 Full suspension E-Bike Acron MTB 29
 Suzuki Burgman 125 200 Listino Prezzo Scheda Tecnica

**********

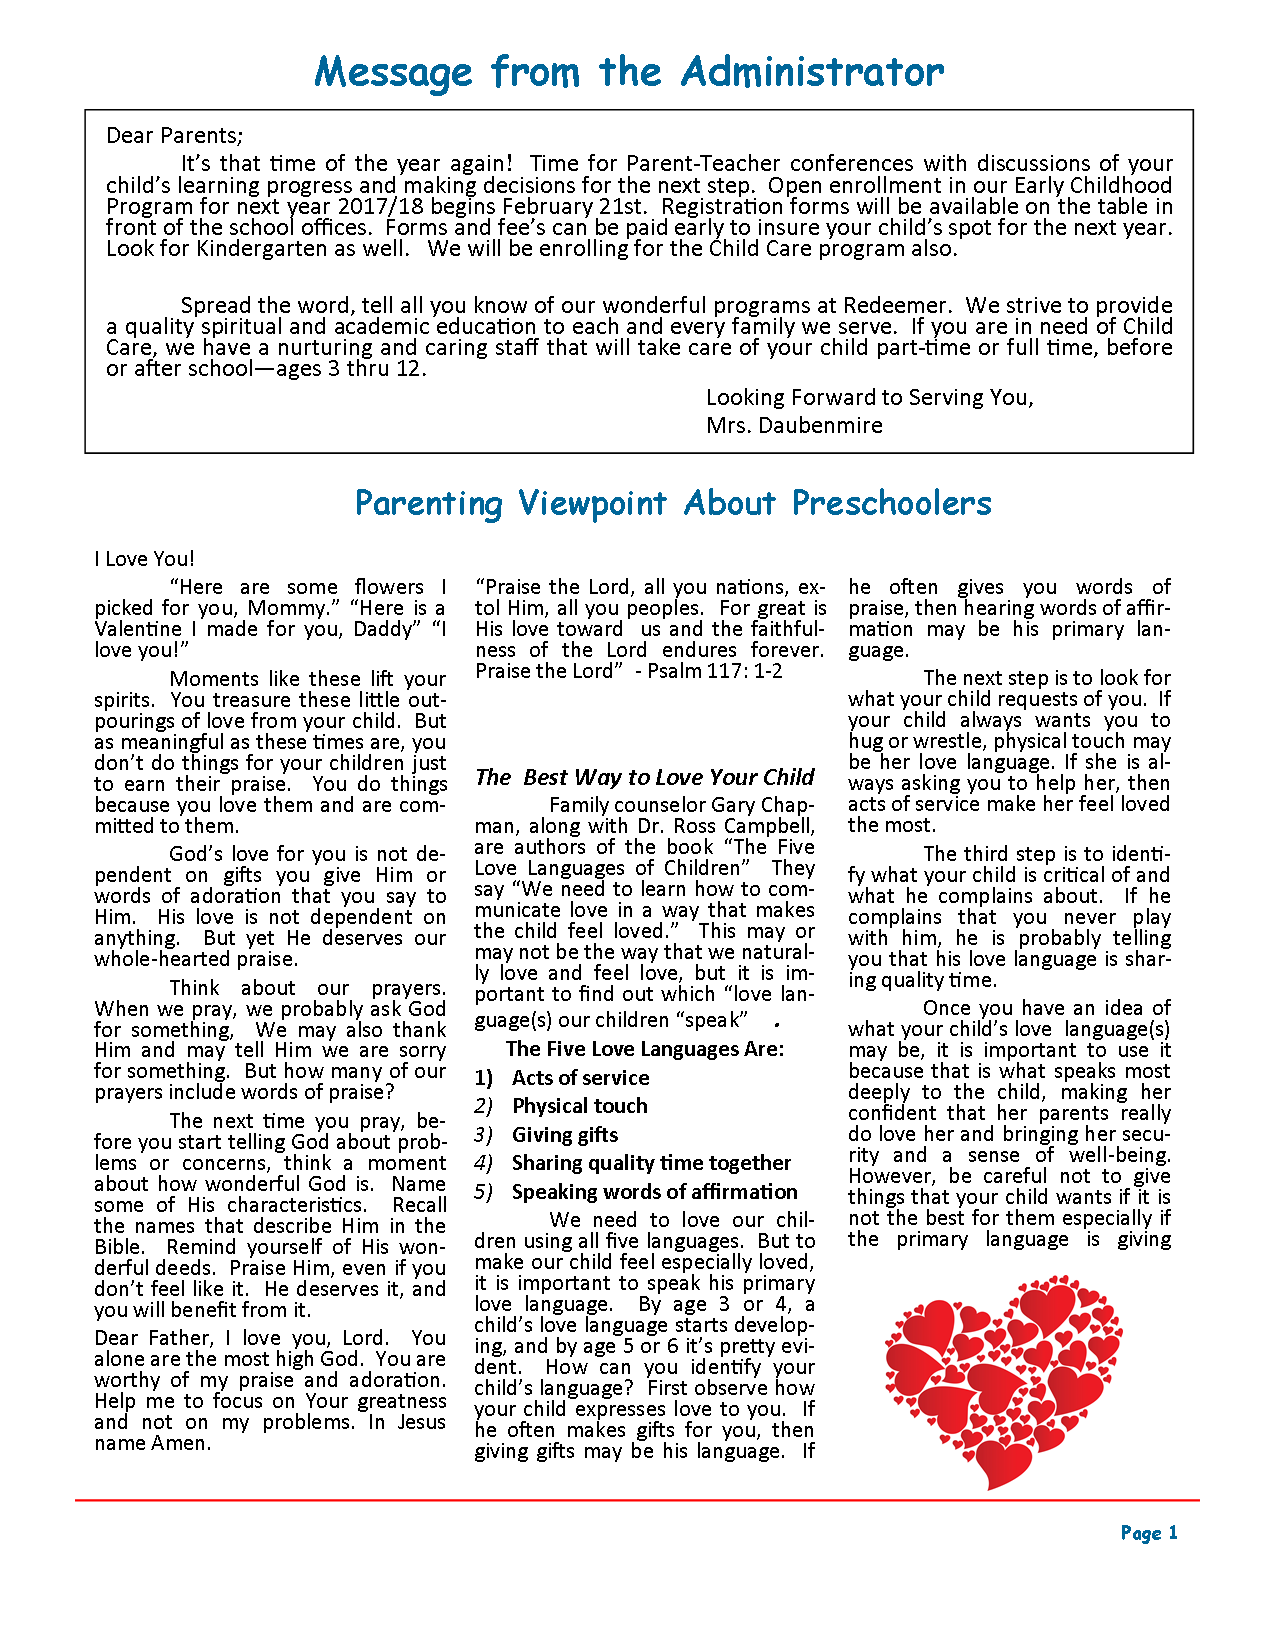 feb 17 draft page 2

**********

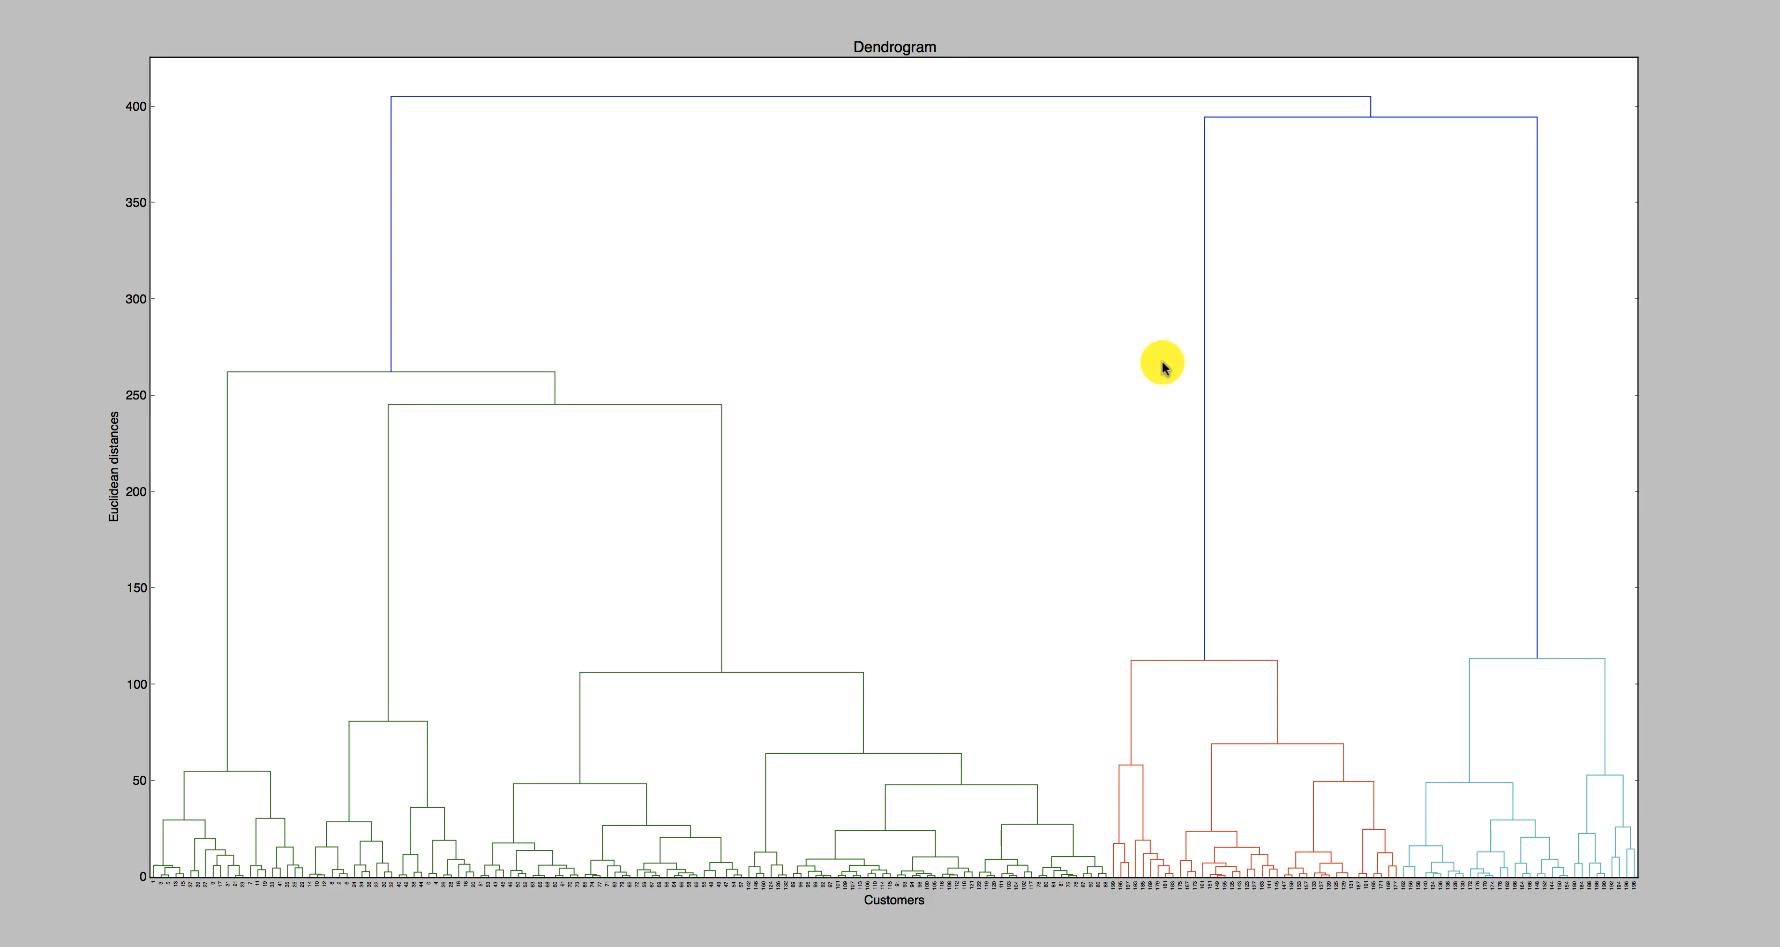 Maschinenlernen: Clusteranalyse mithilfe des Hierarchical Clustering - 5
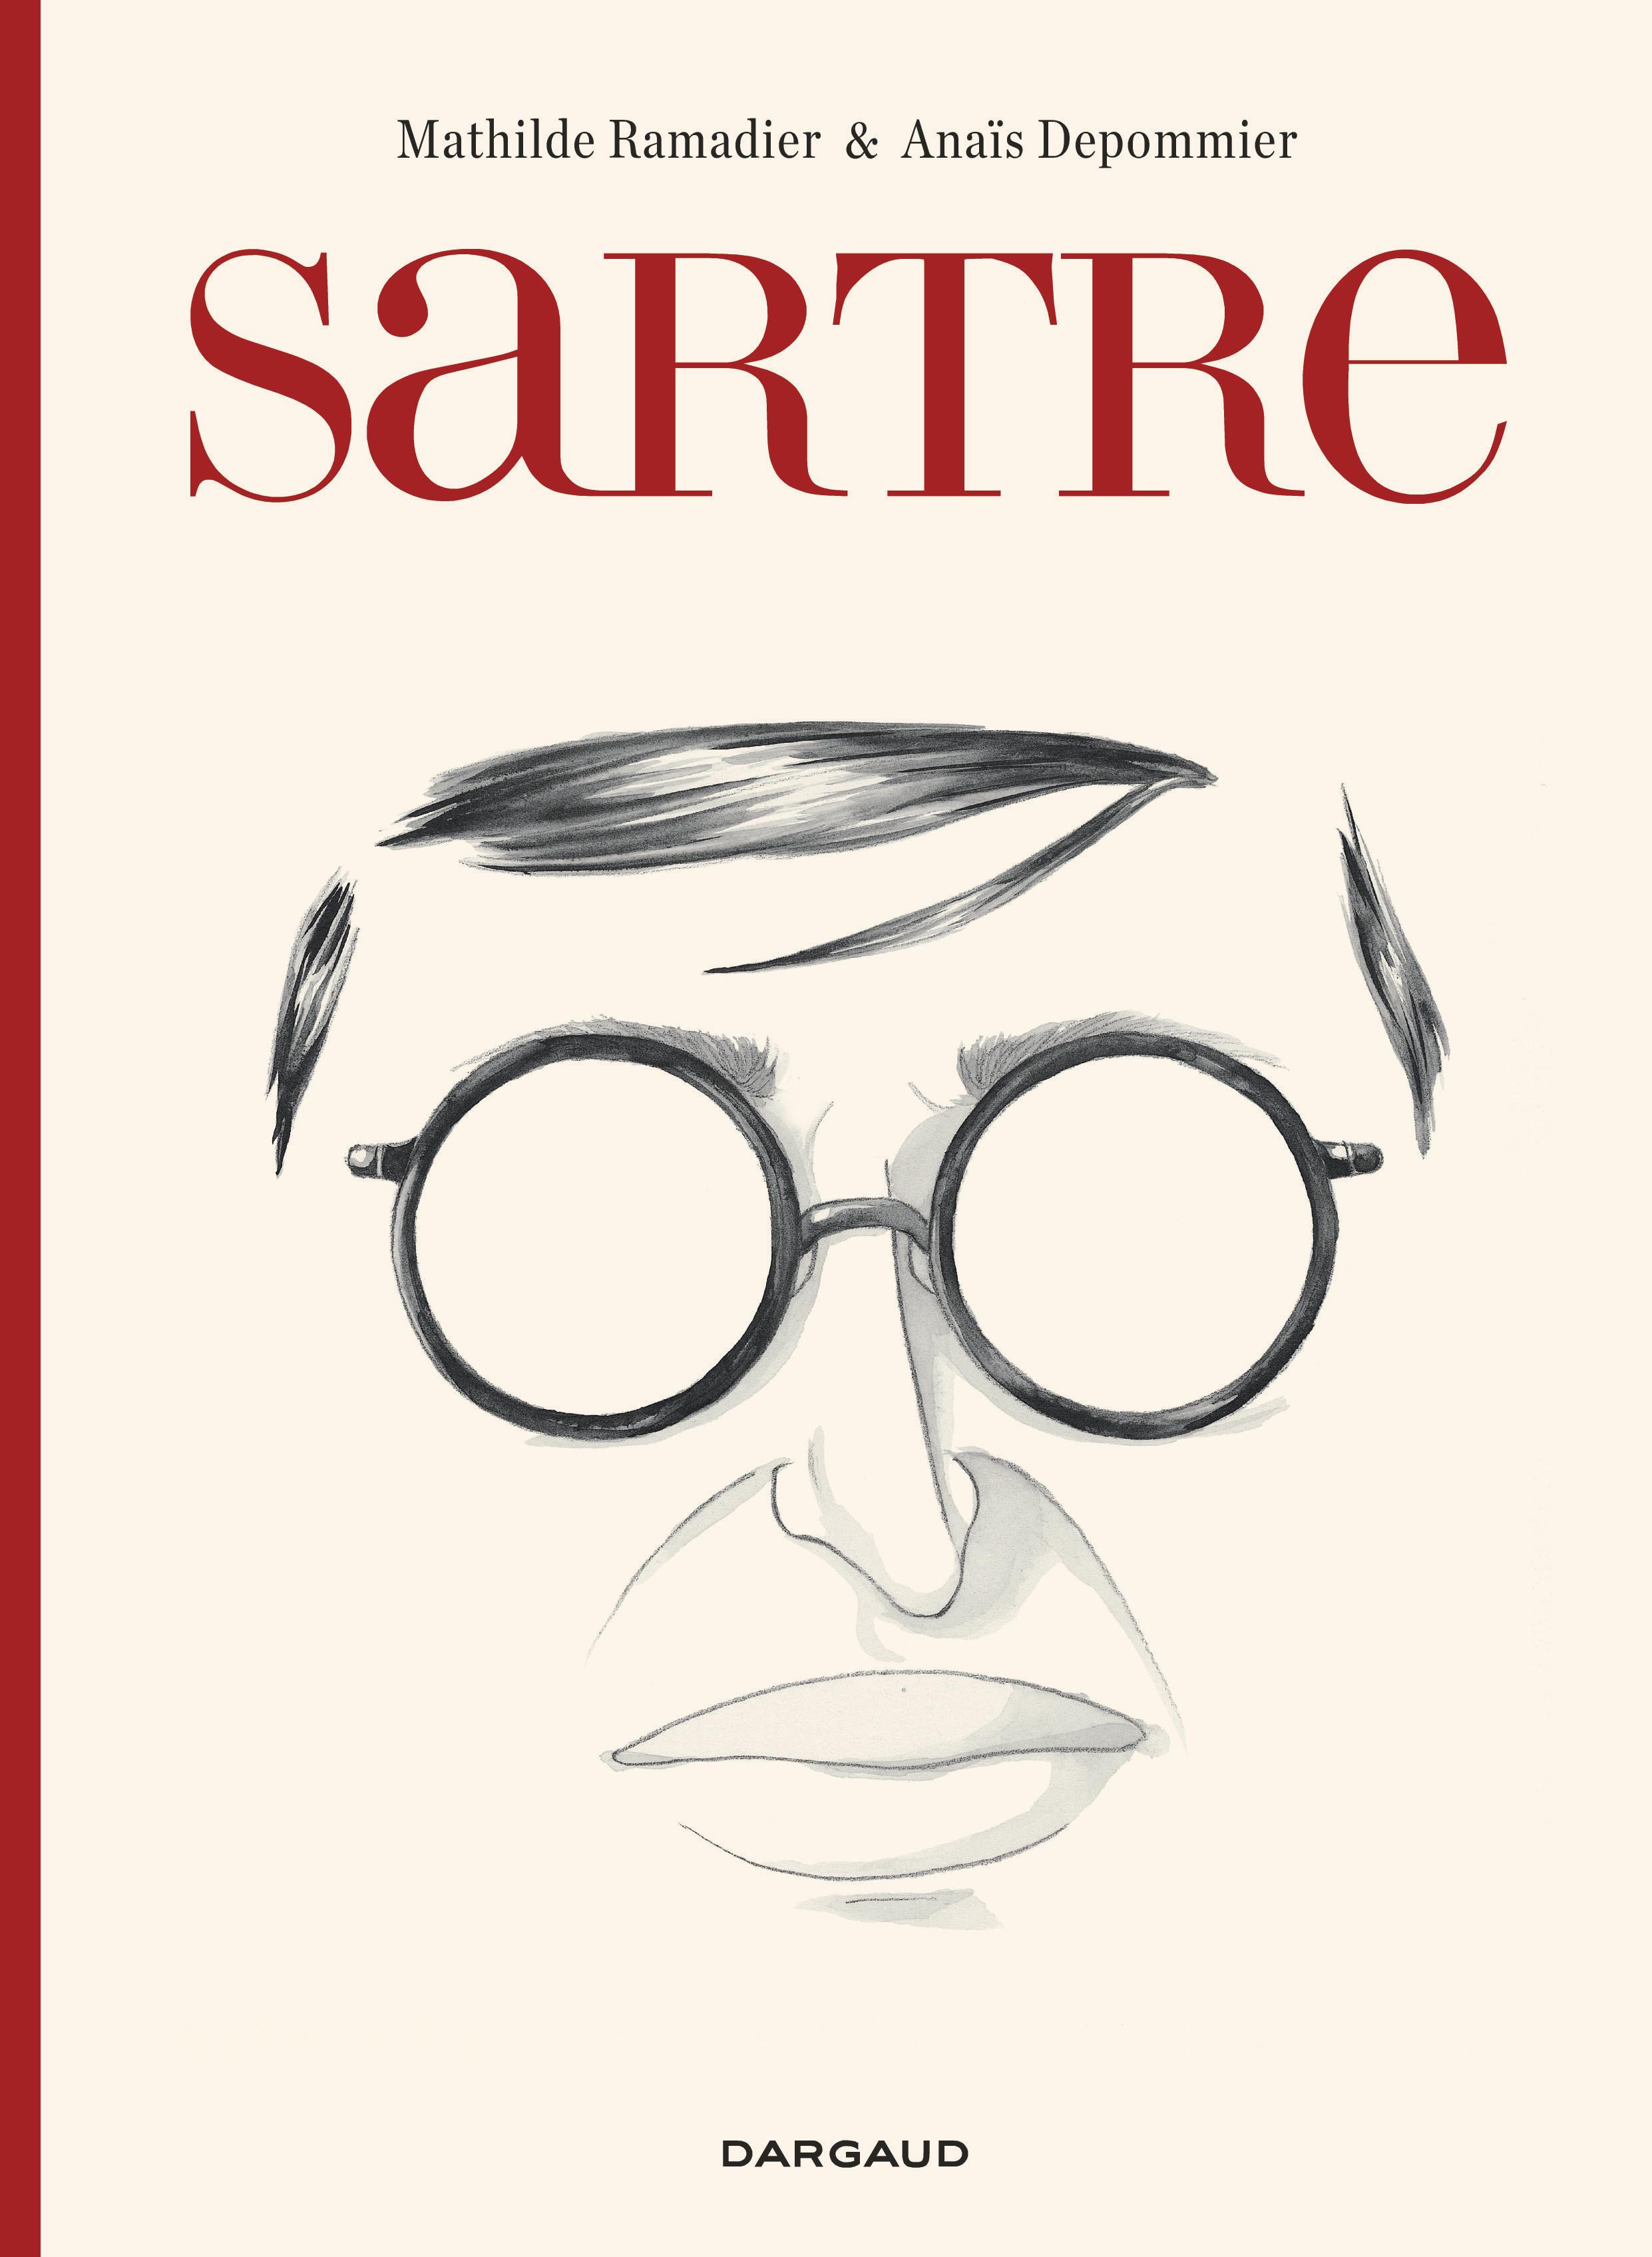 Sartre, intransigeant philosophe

**********

• DIRECTIONS:
Using the entries above, output exactly the lines between the line holding "Full suspension E-Bike Acron MTB 29" and the line holding "Suzuki Burgman 125", end lines included, and nothing more.

• ANSWER TO THIS EXERCISE:
 Full suspension E-Bike Acron MTB 29
 Suzuki Burgman 125 200 Listino Prezzo Scheda Tecnica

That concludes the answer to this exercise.